Fall detection for elderly care using non-invasive vision-based systems remains an important yet unsolved problem. Driven by strict privacy requirements, inference must run at the edge of the vision sensor, demanding robust, real-time, and always-on perception under tight hardware constraints. To address these challenges, we propose a neuromorphic fall detection system that integrates the Sony IMX636 event-based vision sensor with the Intel Loihi 2 neuromorphic processor via a dedicated FPGA-based interface, leveraging the sparsity of event data together with near-memory asynchronous processing. Using a newly recorded dataset under diverse environmental conditions, we explore the design space of sparse neural networks deployable on a single Loihi 2 chip and analyze the tradeoffs between detection F1 score and computational cost. Notably, on the Pareto front, our LIF-based convolutional SNN with graded spikes achieves the highest computational efficiency, reaching a 55x synaptic operations sparsity for an F1 score of 58%. The LIF with graded spikes shows a gain of 6% in F1 score with 5x less operations compared to binary spikes.
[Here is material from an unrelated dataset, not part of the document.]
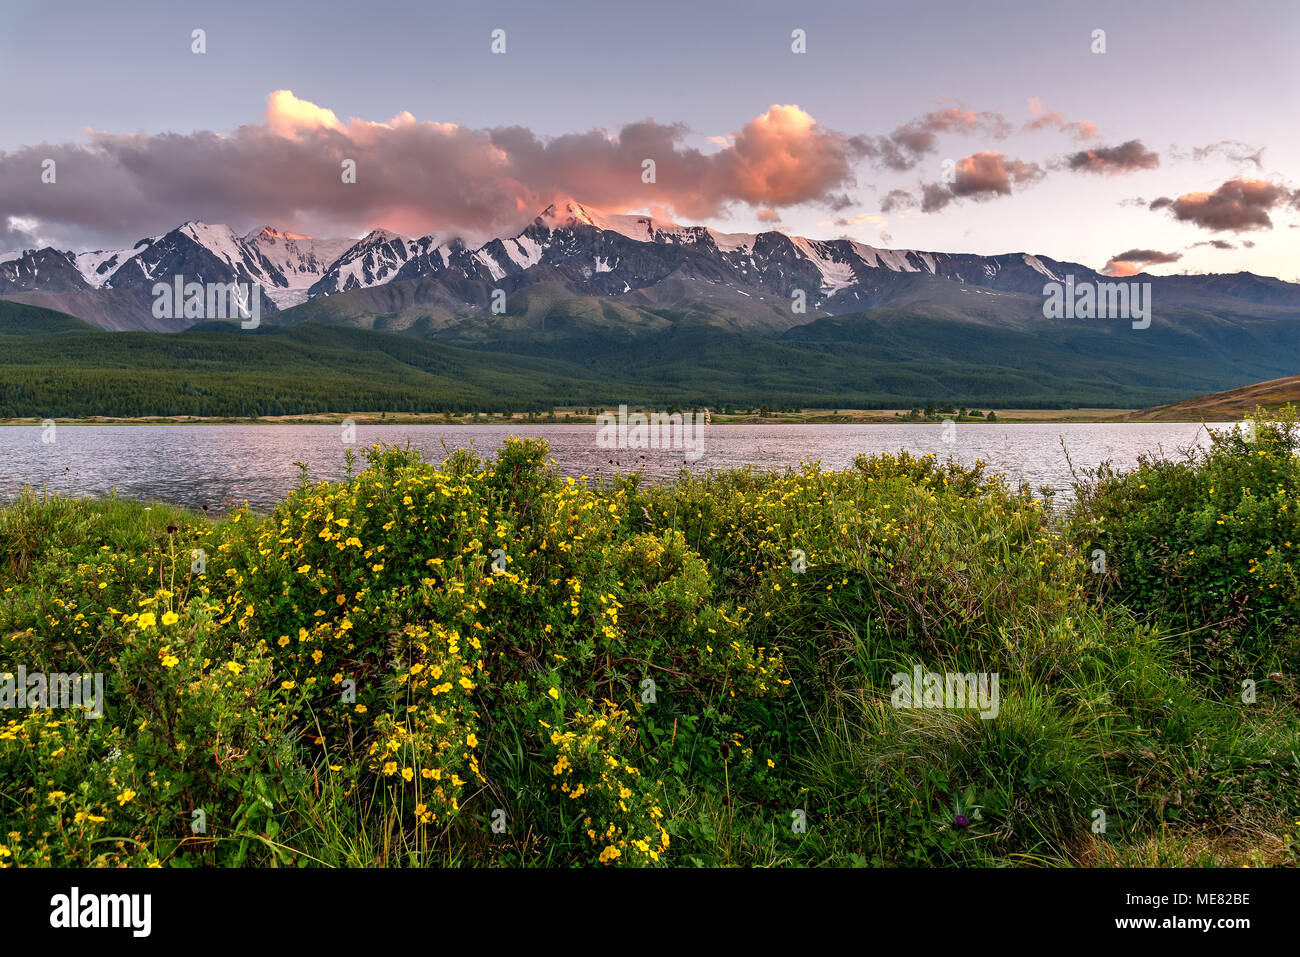 Un paesaggio fantastico con montagne, neve e foresta sulle pendici, cespugli di Curili tè sulla riva del lago e le nuvole rosa al tramonto Foto Stock

Furthermore, our MCUNet feature extractor with patched inference, combined with the S4D state space model, achieves the highest F1 score of 84% with a synaptic operations sparsity of 2x and a total power consumption of 90 mW on Loihi 2. Overall, our smart security camera proof-of-concept highlights the potential of integrating neuromorphic sensing and processing for edge AI applications where latency, energy consumption, and privacy are critical.

Paper Structure

This paper contains 19 sections, 6 equations, 6 figures, 2 tables.

Figures (6)

  • Figure 1: Hardware system overview showing the whole system (top left), the KP-EVS interface board (top right), the host board with IO and power interfaces (bottom left), and a Kapoho Point (KP) board with 8 Loihi 2 chips (only one chip is used in our work) (bottom right).
  • Figure 2: Hardware system pipeline with details of Max10 FPGA interface.
  • Figure 3: Input-patched inference of MCU13B model for a single event frame, which reduces the memory requirements by an order of magnitude by reusing the Loihi 2 neuro-core memories for each patch.
  • Figure 4: Spike (activation) functions (left) and surrogate gradient functions (right) of LIF neurons with binary and graded spikes.
  • Figure 5: Fall detection algorithmic-level benchmarking at 16 predictions/s of single Loihi 2 chip compatible models, highlighting the tradeoffs between $F_1$ score and computational cost.